TensorFlow Example (Conceptual - via HuggingFace Transformers)

While the original Autoformer implementation is in PyTorch, HuggingFace provides a TensorFlow version within its Transformers library. This allows for a more direct TensorFlow usage.

                        
import tensorflow as tf
import numpy as np
import pandas as pd
from transformers import TFAutoformerForPrediction, AutoformerConfig
import matplotlib.pyplot as plt

# 1. Generate sample data (similar to PyTorch example)
n_samples = 200
context_length = 96 # Length of input sequence for encoder
prediction_length = 24 # Length of sequence to predict
num_input_channels = 1 # Univariate time series

# Simulate past_values (e.g., a sine wave with noise and trend)
past_values_np = (np.sin(np.arange(context_length + prediction_length) / 10) * 10 +
                  np.arange(context_length + prediction_length) * 0.1 +
                  np.random.randn(context_length + prediction_length) * 2)
past_values_np = past_values_np.reshape(1, -1, num_input_channels) # (batch_size, seq_len, num_channels)
past_values = tf.constant(past_values_np[:, :context_length, :], dtype=tf.float32)

# Simulate future_values (for training/evaluation, not needed for inference)
future_values = tf.constant(past_values_np[:, context_length:, :], dtype=tf.float32)

# Simulate past_time_features (e.g., simple linear time index)
past_time_features = tf.constant(np.arange(context_length).reshape(1, -1, 1), dtype=tf.float32)
future_time_features = tf.constant(np.arange(context_length, context_length + prediction_length).reshape(1, -1, 1), dtype=tf.float32)

# 2. Load a pre-trained Autoformer model (or initialize from scratch)
# For a real application, you might fine-tune on your data or train from scratch
# model = TFAutoformerForPrediction.from_pretrained("huggingface/autoformer-tourism-monthly") # Example pre-trained model
# Or initialize from config:
config = AutoformerConfig(
    context_length=context_length,
    prediction_length=prediction_length,
    num_input_channels=num_input_channels,
    lags_sequence=[1, 2, 3, 4, 5, 6, 7], # Default lags
    num_encoder_layers=2,
    num_decoder_layers=1,
    d_model=128,
    num_attention_heads=4,
    activation_function="gelu",
    dropout=0.1,
    attention_dropout=0.0,
    ffn_dim=512,
    scaling="mean", # or "std", "none"
    loss="mse", # or "nll" for probabilistic
    num_time_features=1, # For the time feature we created
)
model = TFAutoformerForPrediction(config)

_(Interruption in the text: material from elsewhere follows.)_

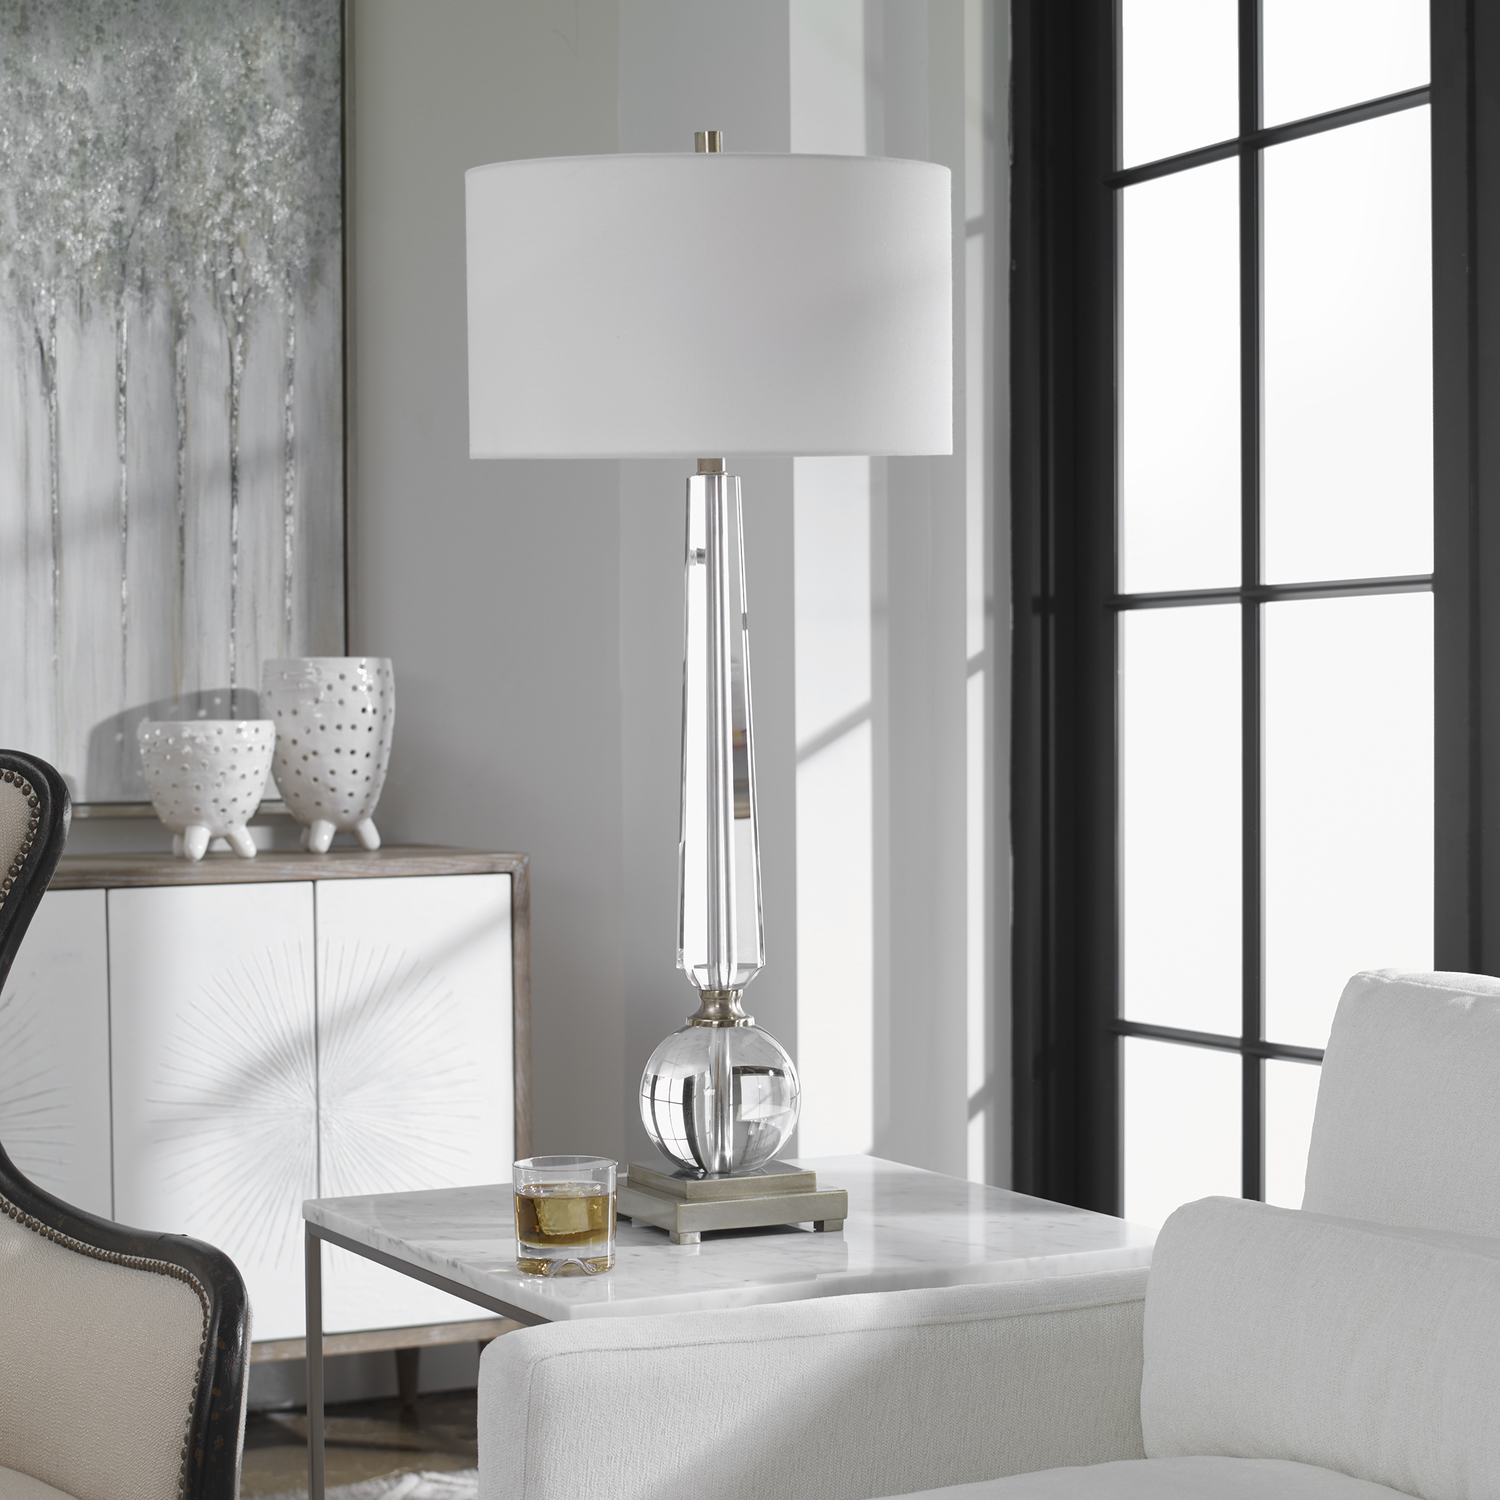 modern glass lamp shades Uttermost Crystal Lamp This Elegant Lamp Features A Tapered Cut Crystal Column, Displayed With A Thick Crystal Sphere, Creating A Timeless Design Thats Paired With Brushed, Antiqued Nickel Plated Details For An Updated Appeal.

# 3. Perform a forward pass (inference example)
outputs = model(
    past_values=past_values,
    past_time_features=past_time_features,
    future_time_features=future_time_features,
    # past_observed_mask=tf.ones_like(past_values, dtype=tf.bool)
)

forecast = outputs.predictions.numpy().squeeze()

# 4. Display the forecast (conceptual)
print("Autoformer TensorFlow (HuggingFace) model inference complete.")
print(f"Forecast shape: {forecast.shape}")
print(f"First 5 forecasted values: {forecast[:5]}")

# Plotting (conceptual)
# plt.figure(figsize=(14, 7))
# plt.plot(np.arange(context_length), past_values.numpy().squeeze(), label='Past Values')
# plt.plot(np.arange(context_length, context_length + prediction_length), future_values.numpy().squeeze(), label='Actual Future Values', color='orange')
# plt.plot(np.arange(context_length, context_length + prediction_length), forecast, label='Autoformer Forecast', linestyle='--', color='green')
# plt.title('Autoformer Time Series Forecast (TensorFlow)')
# plt.xlabel('Time Step')
# plt.ylabel('Value')
# plt.legend()
# plt.grid(True)
# plt.show()
                        

Dependencies & Resources

Dependencies: pandas, numpy, torch (for PyTorch examples), tensorflow (for TensorFlow examples), transformers (HuggingFace library), matplotlib (for plotting).